Wednesday, June 20, 2012

Life After YouTube: the Next Chapter for Thewifedoesntknow

“Into the final furlong… Mywifenosevrything! Thewifedoesntknow! They're 1-2! Of course they are! Mywifenosevrything in front, to the outside, Thewifedoesntknow! Mywifenosevrything! Thewifedoesntknow! Mywifenosevrything! More than Thewifedoesntknow!”

Monmouth Park track announcer Larry Collmus’ famed call of the August 2010 battle of “the wives” was viewed hundreds of thousands of times on YouTube, shared on Facebook, tweeted, and picked up by countless online news sources.

Almost two years later, I heard the race call re-broadcast several times in commercials on the radio on Father’s Day weekend. That same week, the runner-up of the race, Thewifedoesntknow officially retired from racing, sound, and is ready to start her second career.

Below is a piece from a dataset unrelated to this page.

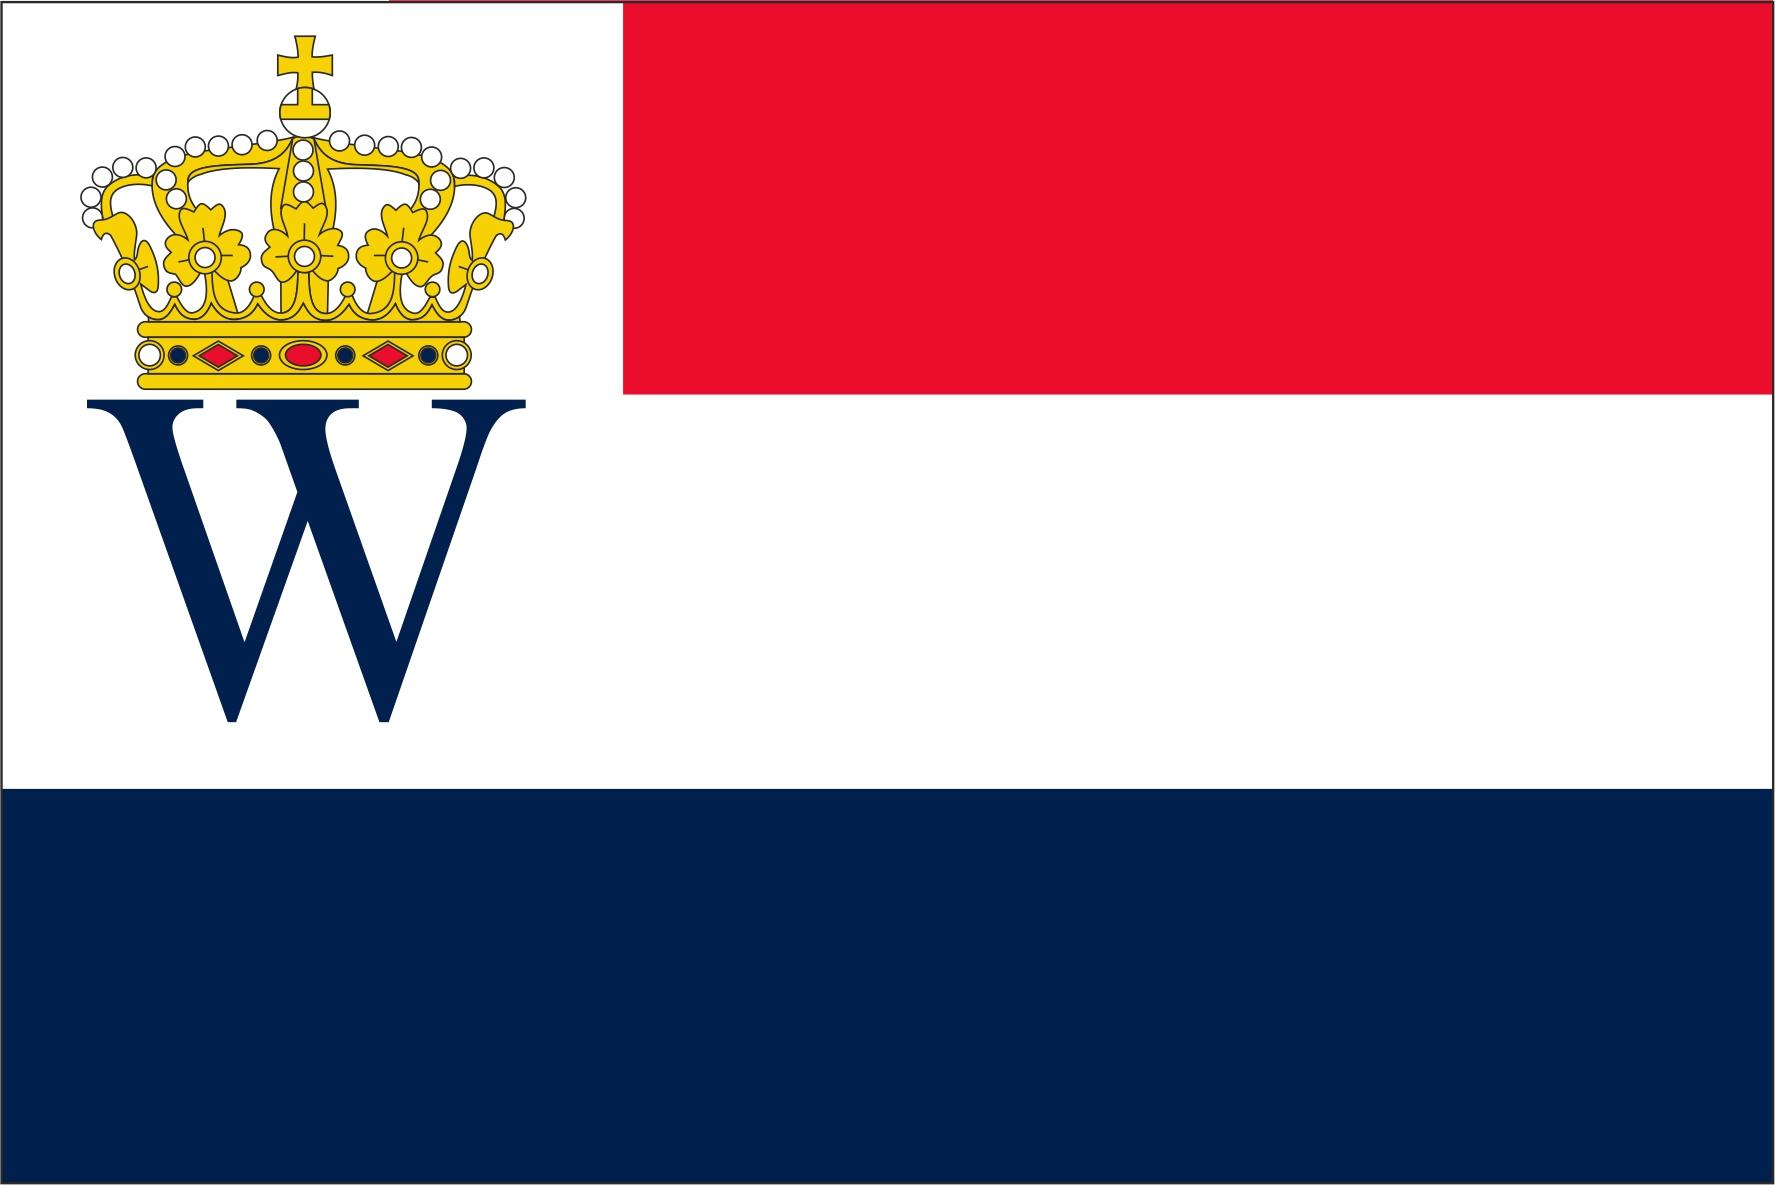 Koninklijke Watersport Vlag 100x150cm Oud hollands Marineblauw

Carole Davison, owner/operator of Fleetwood Equestrian Services brought the chestnut mare to San Sue Acres in Howell, NJ and will train her as a show hunter. The mare’s natural balance and beautiful walk are indicators of her future talent in the show ring. Thewifedoesntknow will feel right at home, since she is the third chestnut mare in the care of Carole. Carole also owns O-Gee and Suzie. Suzie is another Thoroughbred off the track (Jockey Club name Dance All Nite Jes). Carole got Suzie as a 4-year-old, trained her, and she is now a show jumper with Carole’s daughter Elizabeth (Liz). Liz and Suzie are the current leaders in the Pre-Preliminary Jumper division at the Monmouth County horse shows. 

Last week, I met up with Carole, did a quick photo shoot with her new trainee, and asked her some questions about the process of working with horses off the track.

1) Have you always enjoyed working with Thoroughbreds? What are your impressions of programs like the Retired Racehorse TrainingProject and their impact on the breed?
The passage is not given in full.